# Task instructions
Given the records underneath, please repeat exactly the lines from the line with "Time off Jane Slip-ons - Golden Yellow" through the line with "A red flag on", passing over any picture.

# The data
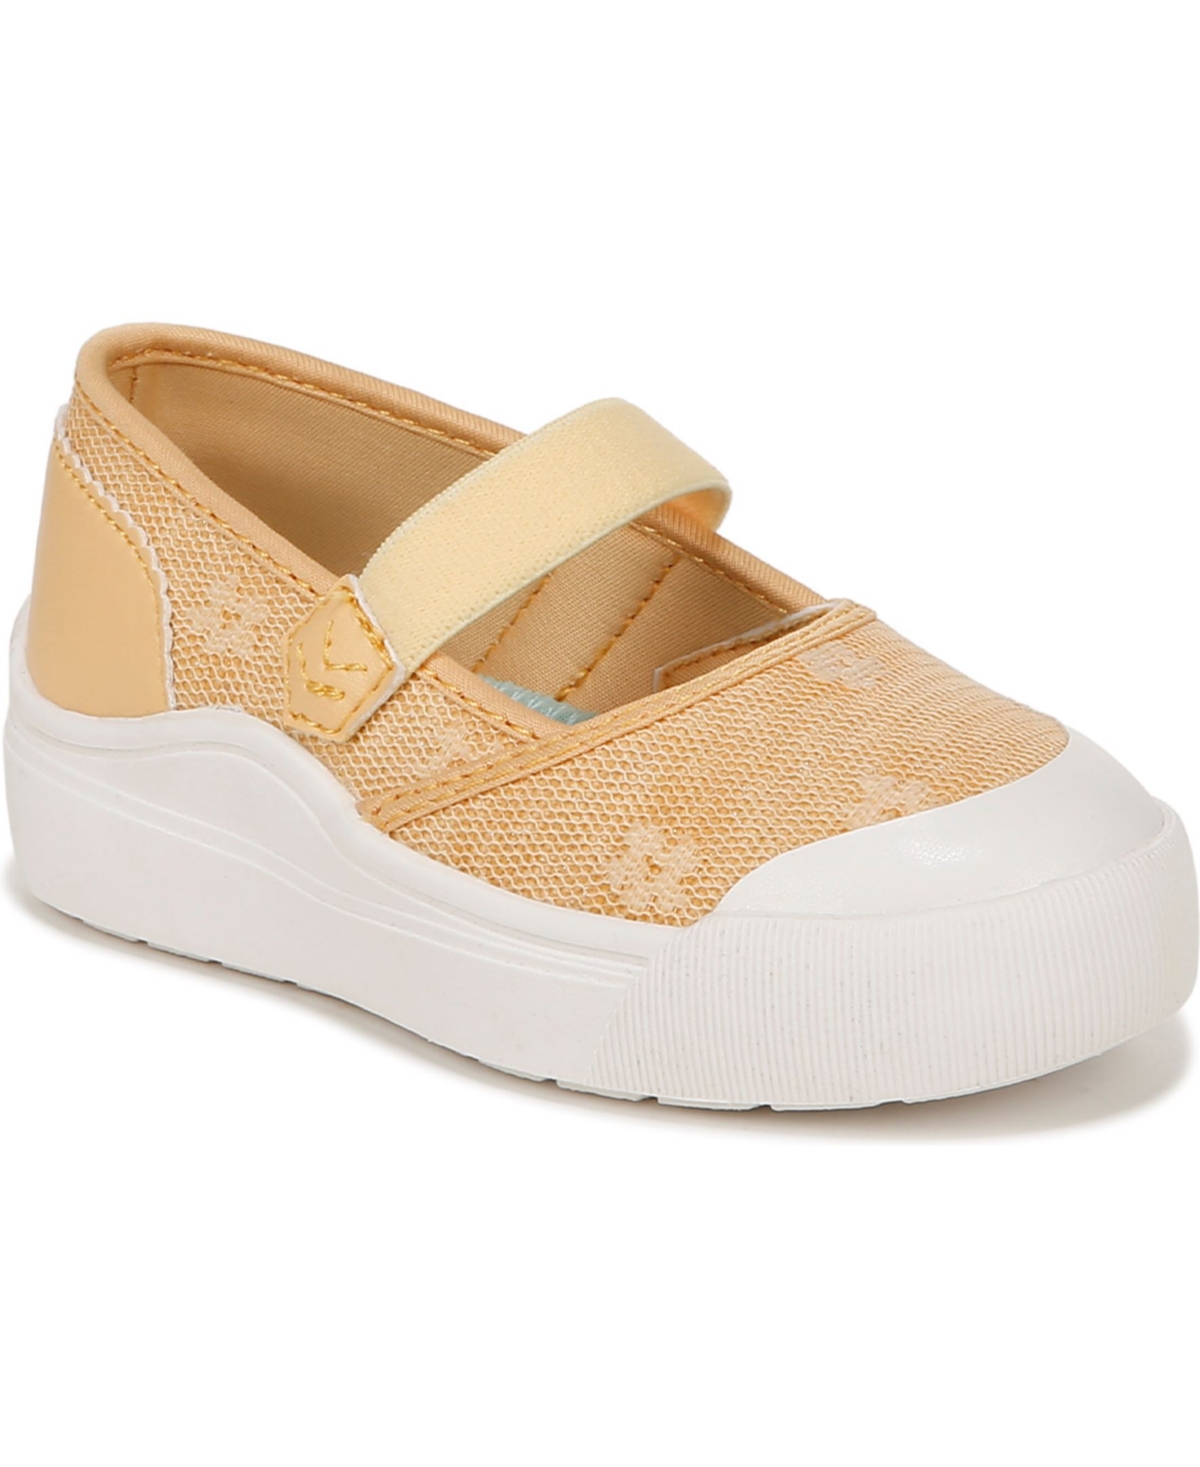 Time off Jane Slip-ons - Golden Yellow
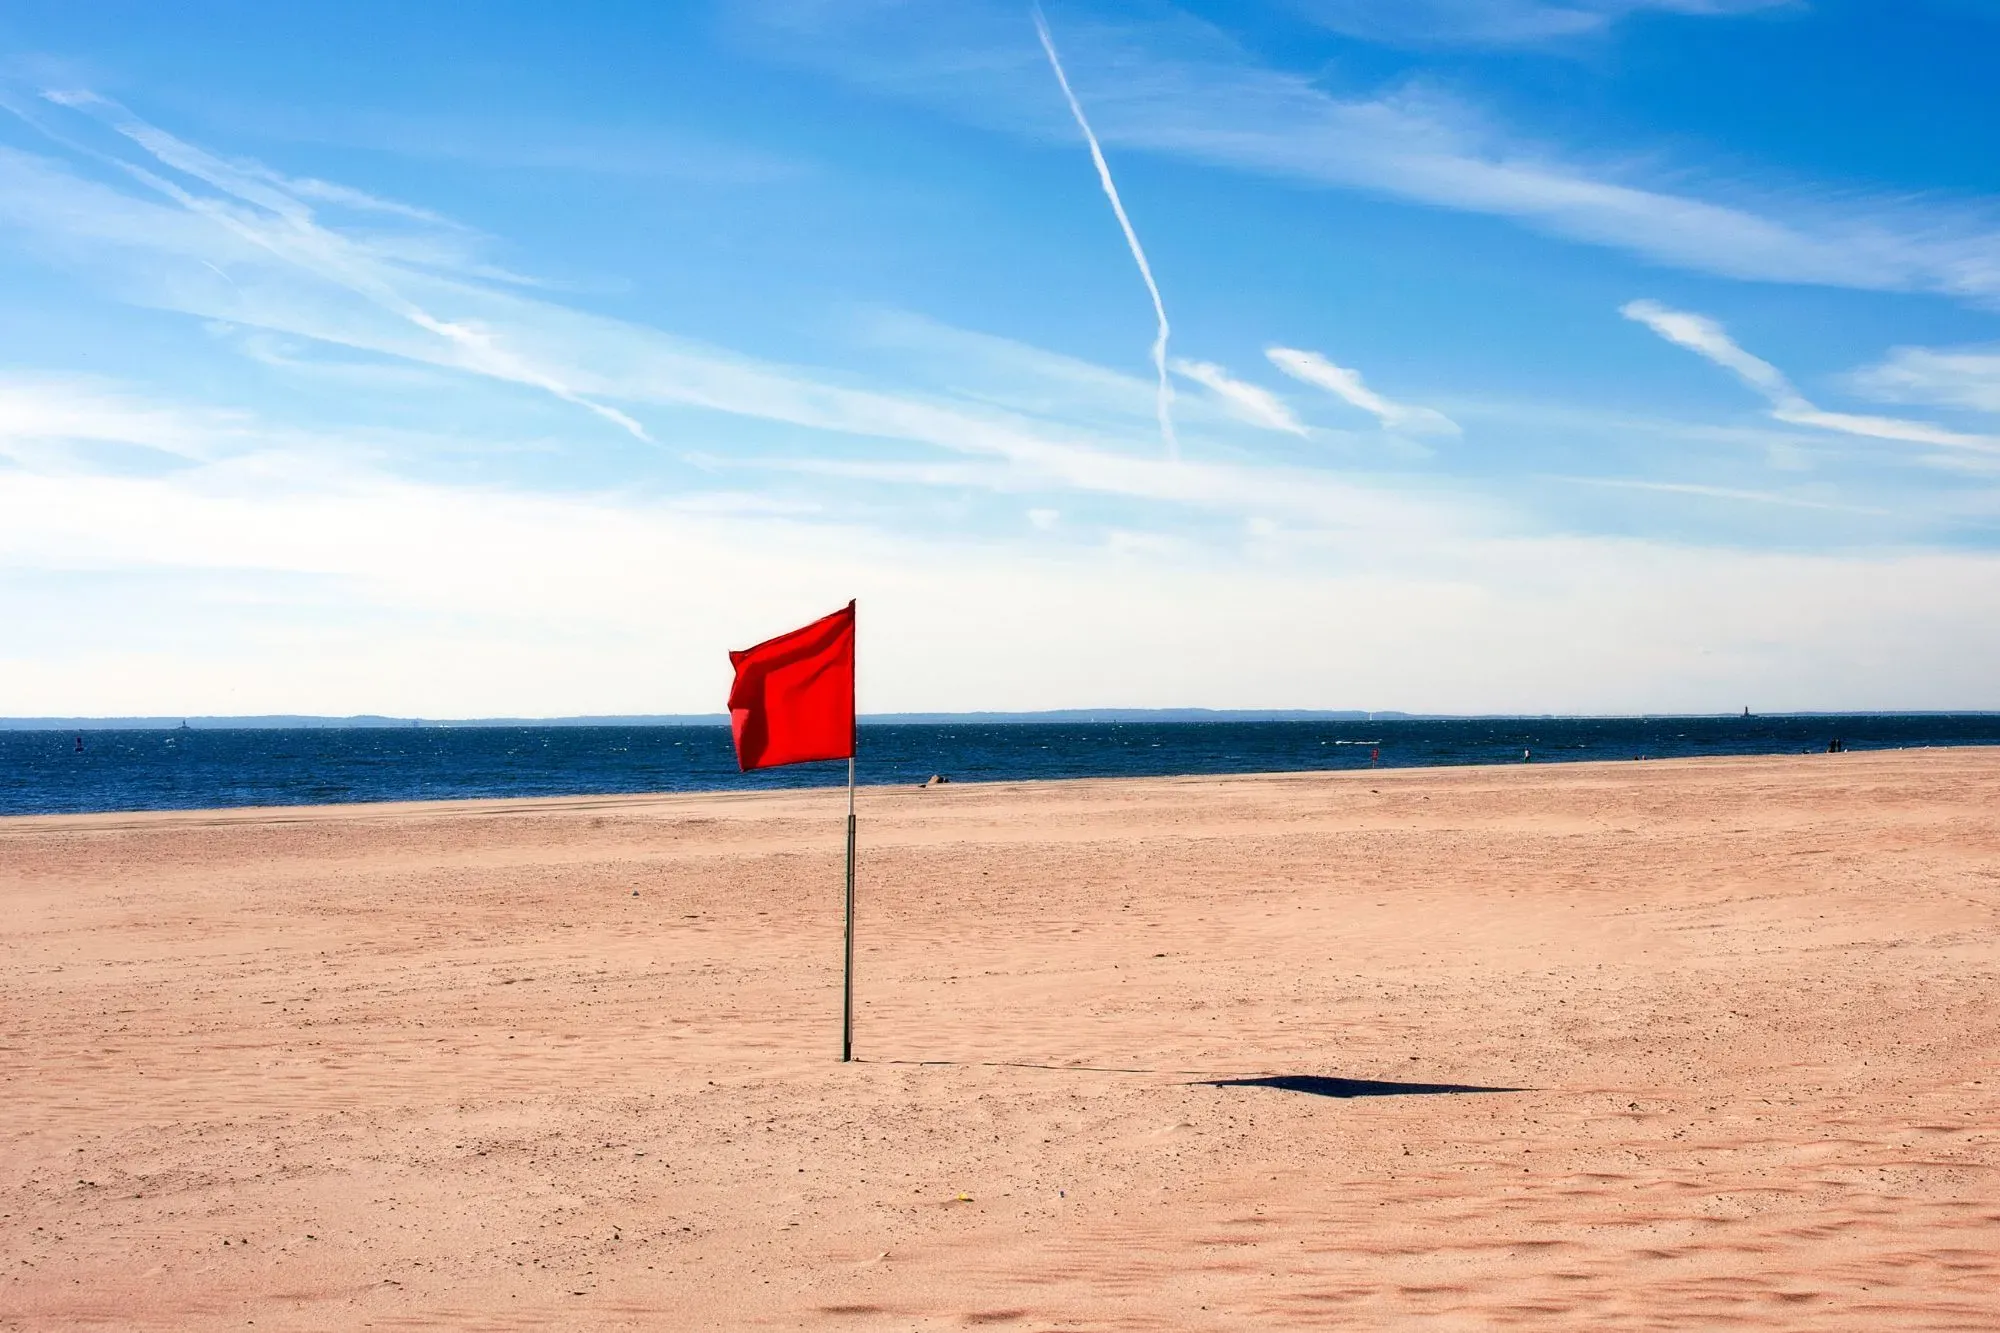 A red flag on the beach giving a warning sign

* * *

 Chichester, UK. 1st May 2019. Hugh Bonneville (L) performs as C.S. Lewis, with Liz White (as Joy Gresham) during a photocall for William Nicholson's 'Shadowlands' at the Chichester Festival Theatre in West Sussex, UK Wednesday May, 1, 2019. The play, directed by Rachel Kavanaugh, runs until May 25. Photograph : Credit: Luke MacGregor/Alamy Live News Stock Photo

# Solution for this problem
 Time off Jane Slip-ons - Golden Yellow
 A red flag on the beach giving a warning sign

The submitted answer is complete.